2. Remove chicken and set aside. Add remaining olive oil to pan and heat. Add onions, garlic, season with salt and pepper and saute until vegetables are starting to get soft.
3. Then add cumin, cayenne, apples, beans, chiles and corn. Cook another 5 minutes.
4. Add chicken back to pot. Pour broth into pan and using a wooden or thick plastic spoon, scrape the bottom of the pan to get all the bits up off the bottom.

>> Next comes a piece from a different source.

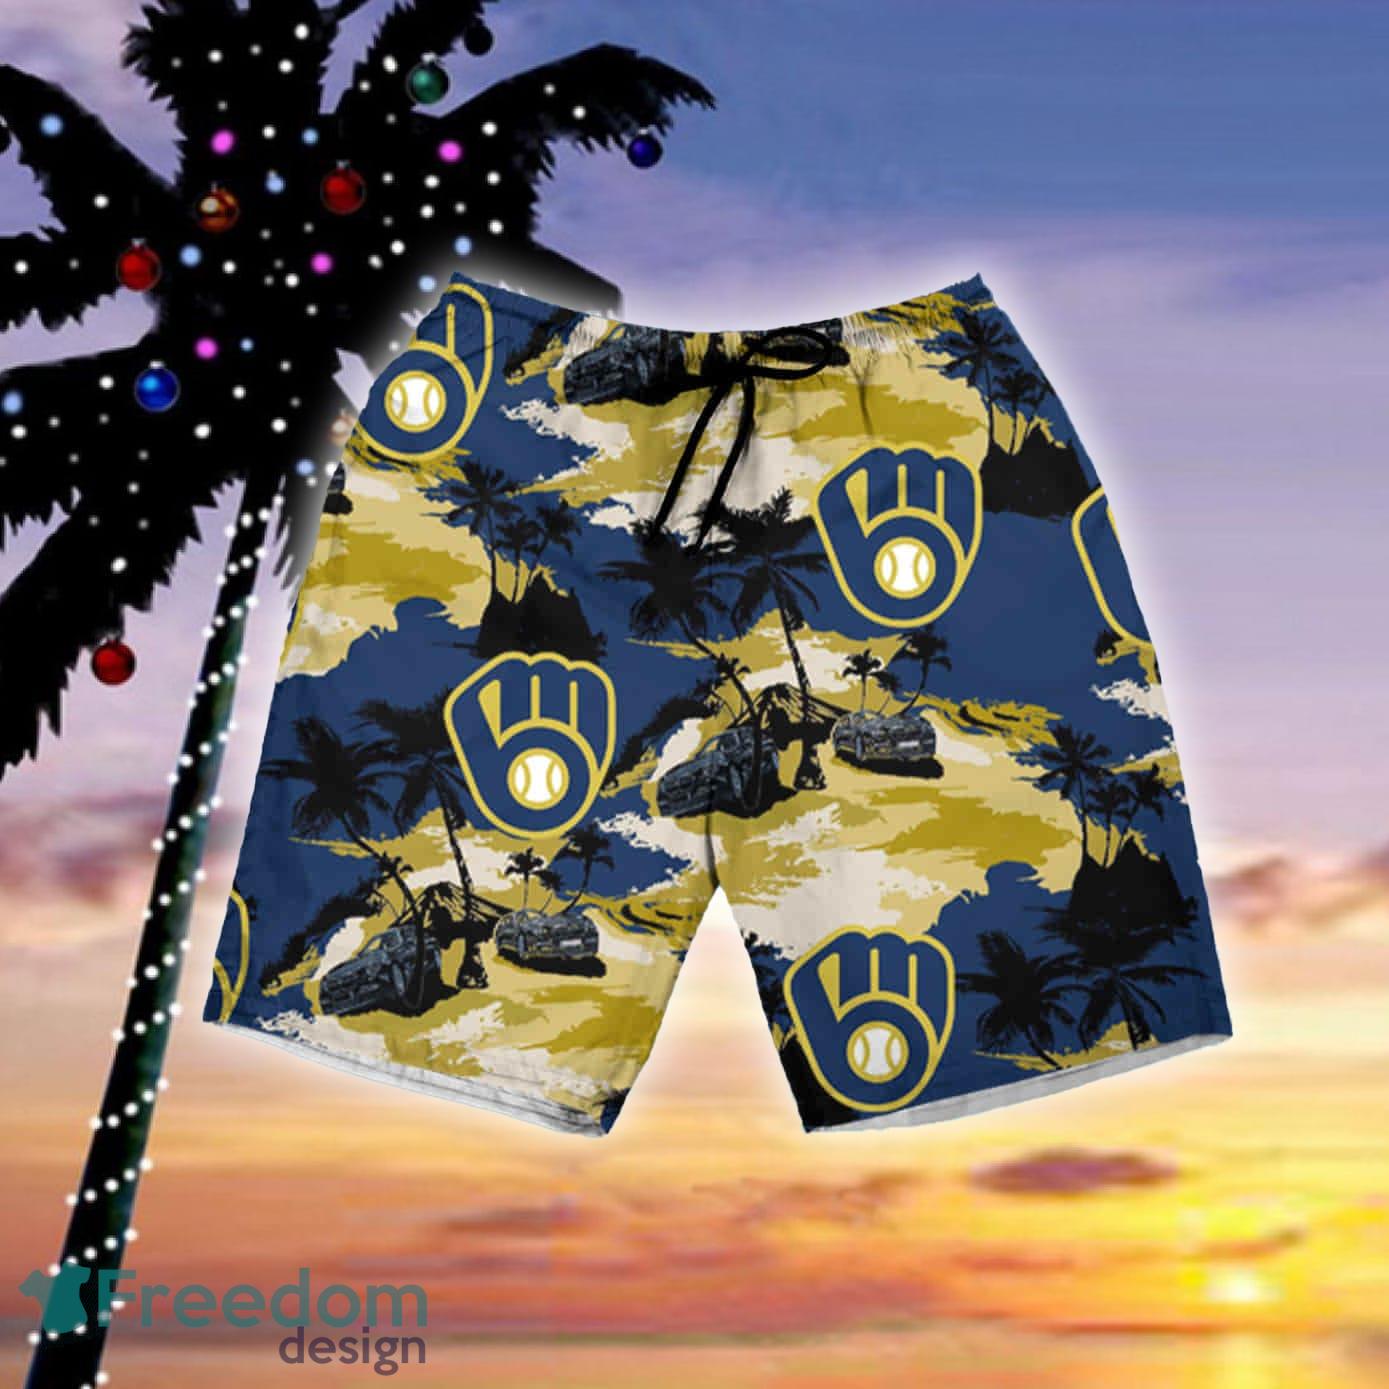 OwlOhh Milwaukee Brewers Tommy Bahama Hawaiian Shirt Summer Button Up Shirt for Men Beach Wear Short Sleeve Hawaii Shirt

Stir to combine and let simmer for about 20 minutes. (if to much liquid boils off you might need to add more broth).
5. To serve, ladle into bowls and top with sour cream and cilantro.

ENJOY!

Wednesday, July 10, 2013

Asian Apple-Chicken Salad

This recipe came to me this morning from the Produce for Better Living Association and I thought it looked fantastic! You can eat this delicious salad at home or packed it up for a picnic at the beach or park!! The fresh ginger helps to settle upset stomachs, you get chicken for protein, prebiotics from the scallions for all your guy bacteria to munch on (they need lunch too right?!) and a zesty, light dressing to pull it all together!

Ingredients:
2 cups cooked chicken breast, cubed (or you could use rotisserie chicken if easier)
2 cups apples, cored and cubed
2 tablespoons apple, orange, or carrot juice
2 tablespoons lime juice
1 tablespoon sesame oil
1 tablespoon mirin (rice wine)
1 tablespoon low sodium soy sauce
1 tablespoon fresh ginger, finely grated
¼ cup fresh parsley, chopped
¼ cup fresh cilantro, chopped
3 scallions, thinly sliced
1 pound baby spinach
pepper to taste, if desired

1. Place the chicken and apples in a large bowl.
2. Mix the apple juice, lime juice, sesame oil, mirin, soy sauce and ginger together in a small bowl; pour mixture over the chicken and apples.
3. Sprinkle the parsley, cilantro, and scallions over the top and gently toss to mix. (Cover and refrigerate up to several hours, if desired.)
4. To serve, layer the spinach on a platter and spoon the chicken mixture on top.

ENJOY!!

Tuesday, June 4, 2013

Twisted: Salad Nicoise

A typical salad nicoise is made with red skinned potatoes, tuna, egg, and vegetables. I thought it might be interesting to give it more colorful twist. It you're not a fan of tuna, try out this rendition!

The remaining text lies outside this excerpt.